As seen on ClimateWire

Elizabeth Harball | Wednesday, February 4, 2015

Forest carbon trading efforts will prove unsuccessful until nations grant indigenous peoples and local communities control of their land, argues a new report.

Released today by the nonprofit Rights and Resources Initiative (RRI), the report singles out the World Bank’s Forest Carbon Partnership Facility (FCPF), a program meant to coordinate payments from wealthy countries to developing countries to preserve forested land. The report claims the program does not include sufficient safeguards for people living in forests in its plan.

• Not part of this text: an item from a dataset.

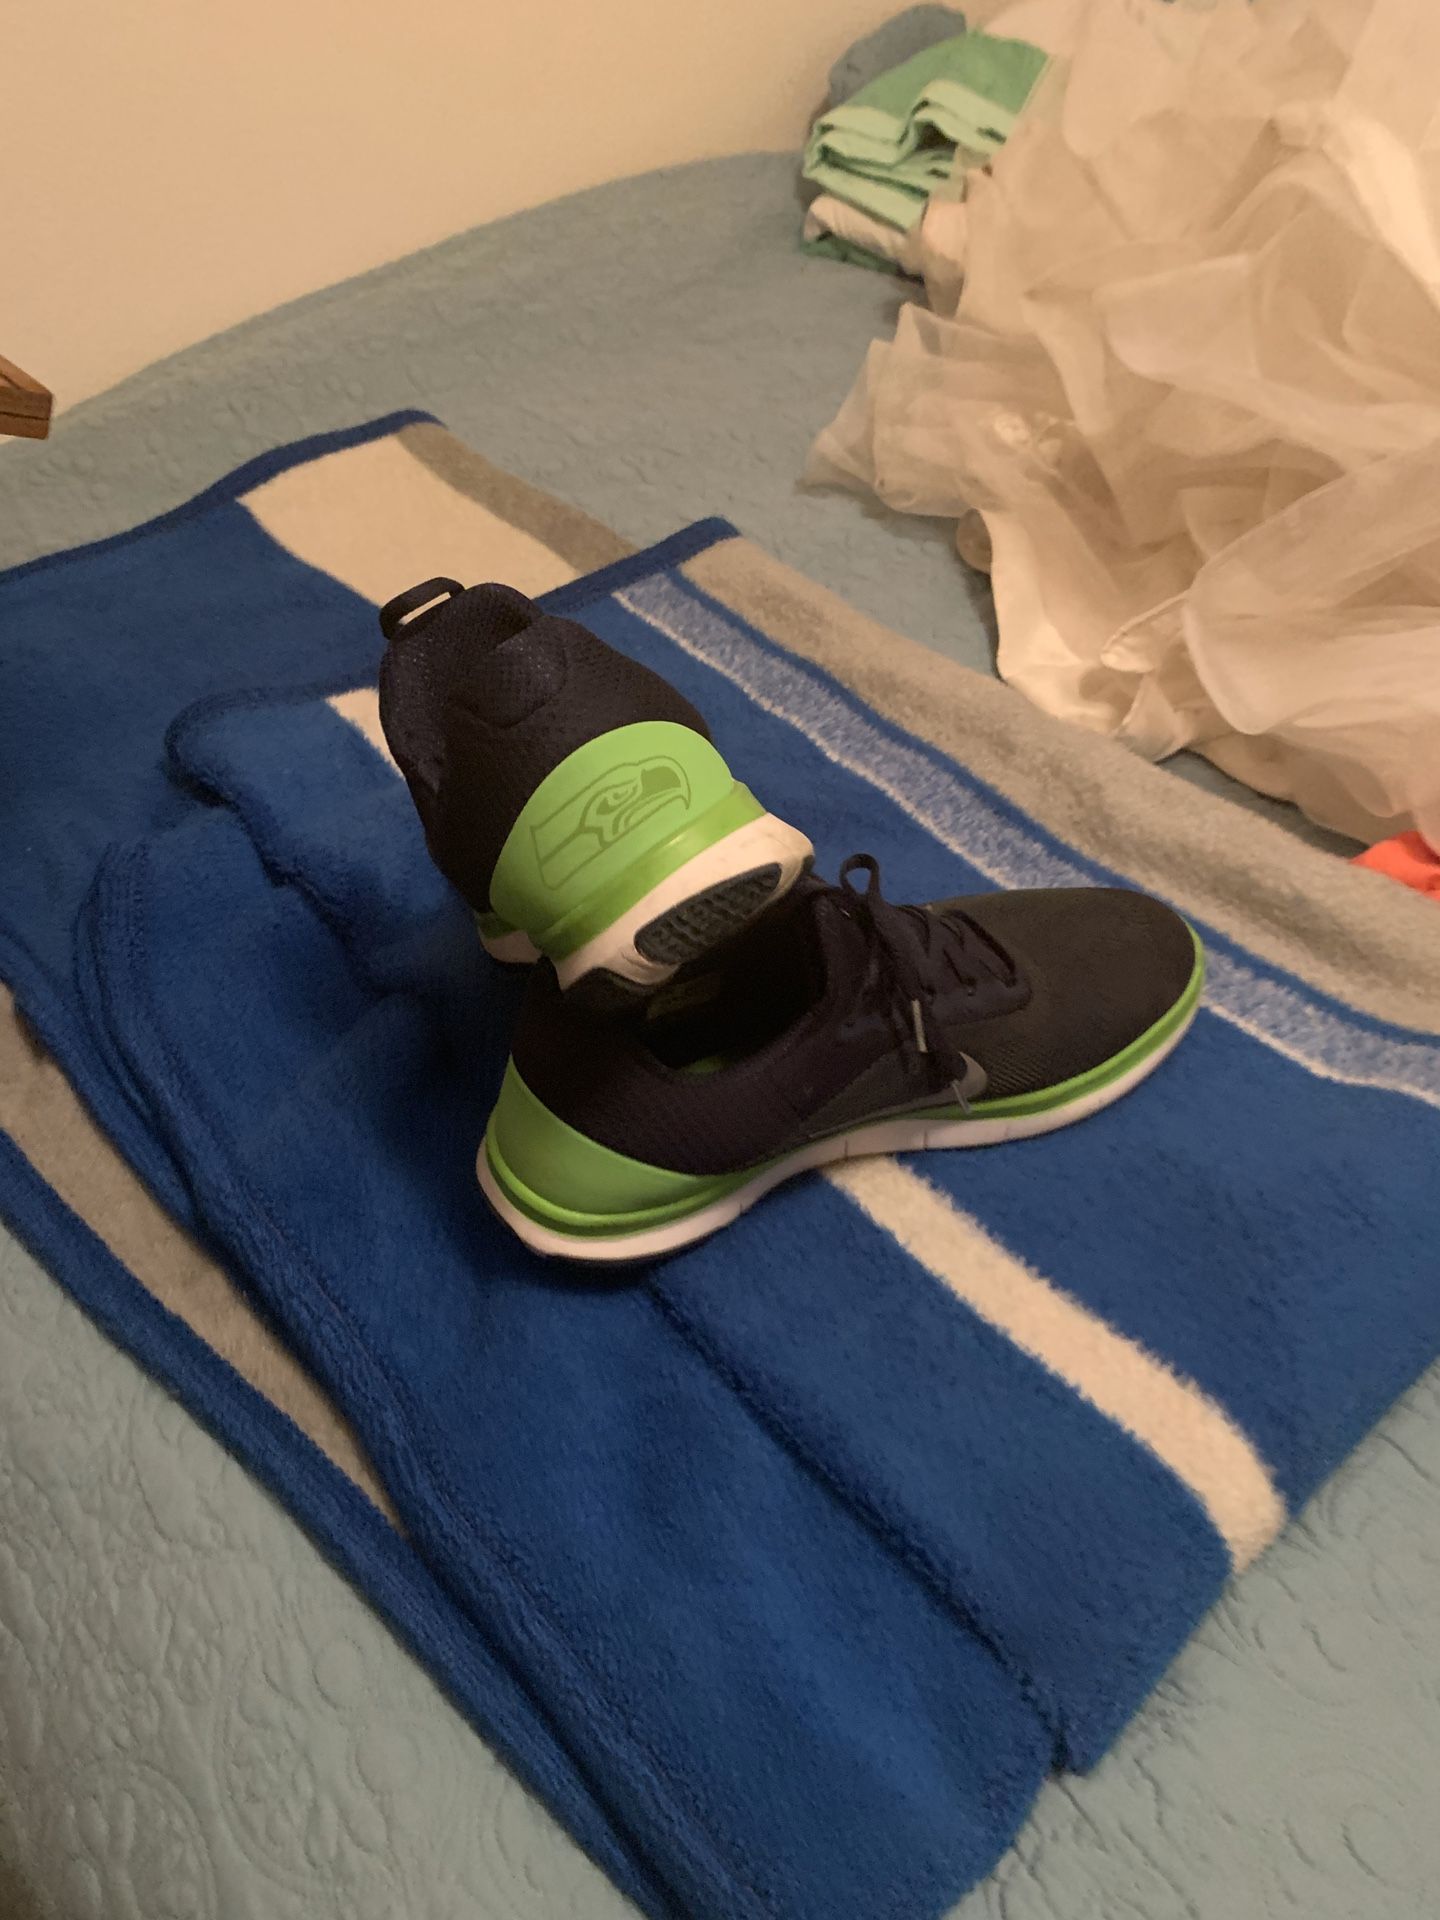 Seahawks shoes. Size12. Not worn much. $65.00
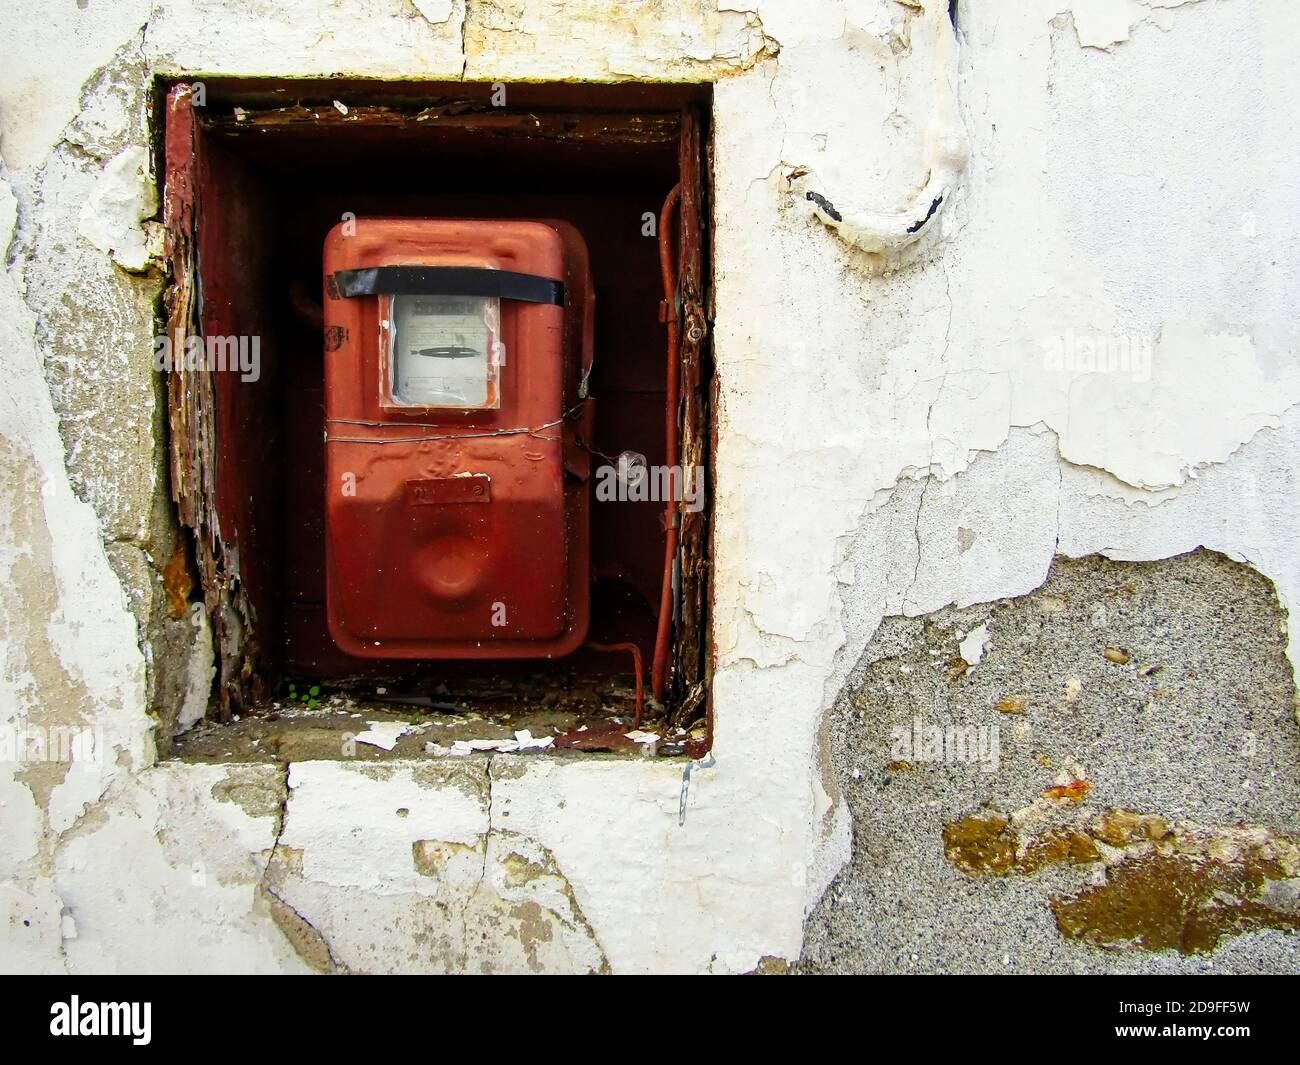 Old Electricity Meter on Deserted House Wall, Galatas Village, Crete, Greece Stock Photo

According to the FCPF website, the program’s main objectives include testing strategies to “sustain or enhance livelihoods of local communities” and “ensur[e] equitable benefit sharing.” It also calls forest governance a “pillar of sustainable forest management, and reducing deforestation and forest degradation.”

But RRI argues that the World Bank’s program has neglected to include important protections for communities that live in forests and often depend on them for their livelihoods.

“The issue is that as it’s currently worded, the framework doesn’t adequately mention the need to respect and enforce the rights of local communities and peoples to forests,” said Bryson Ogden, a private-sector analyst at RRI.

Ogden argued that “secure tenure must be a precondition to implementing the project.” Otherwise, he said, communities “stand to lose” if forest carbon becomes a monetized commodity.

Touchy issue for negotiators

Last year, RRI worked with the World Resources Institute on a report stating that indigenous or local communities have rights to 1.27 billion acres of the world’s forested land, which sequesters 41.5 billion tons of carbon. The report argued that stronger rights for indigenous and local communities make it less likely that these forests will be cleared (ClimateWire, July 24, 2014).

Working off this assumption, RRI analyzed eight of the 11 nations the World Bank’s FCPF is readying for forest carbon payments and found that just two — Guatemala and Mexico — have laws defining forest carbon rights. Over 79 percent of forested land in the eight countries analyzed is owned by governments, while indigenous and local communities’ rights are protected on about 16 percent of this land.

“Many of these carbon ‘ready’ countries are actually far from ready for the reality and certain complexity of carbon transactions,” RRI stated in the report. “To avoid significant risk to existing community forest rights and the associated increase in rural poverty and conflicts, stronger forest rights should be a precondition for any World Bank Carbon Fund project.”

The World Bank responded to the report with the following statement:

“The FCPF will be piloting results-based payments for a small number of forest countries to demonstrate that REDD+ [Reducing Emissions From Deforestation and Forest Degradation] can be implemented and accounted for at scale. Currently, no emission reductions payment agreements have been set up for any of the 11 countries selected, and before this happens all criteria and indicators of the FCPF Carbon Fund’s methodological framework would have to be met.”

It added, “Local community and self-selected indigenous peoples representatives have been involved in all stages of the development of the framework.

Transparent, consultative and participatory stakeholder engagement is an integral part of all stages of the FCPF’s operations.”

Protection for indigenous peoples affected by payments to keep forests standing was also a flashpoint at the most recent climate talks in Lima, Peru.

Negotiations on REDD+ regarding how countries report “safeguards” for forest communities ended in a stalemate (ClimateWire, Dec. 10, 2014).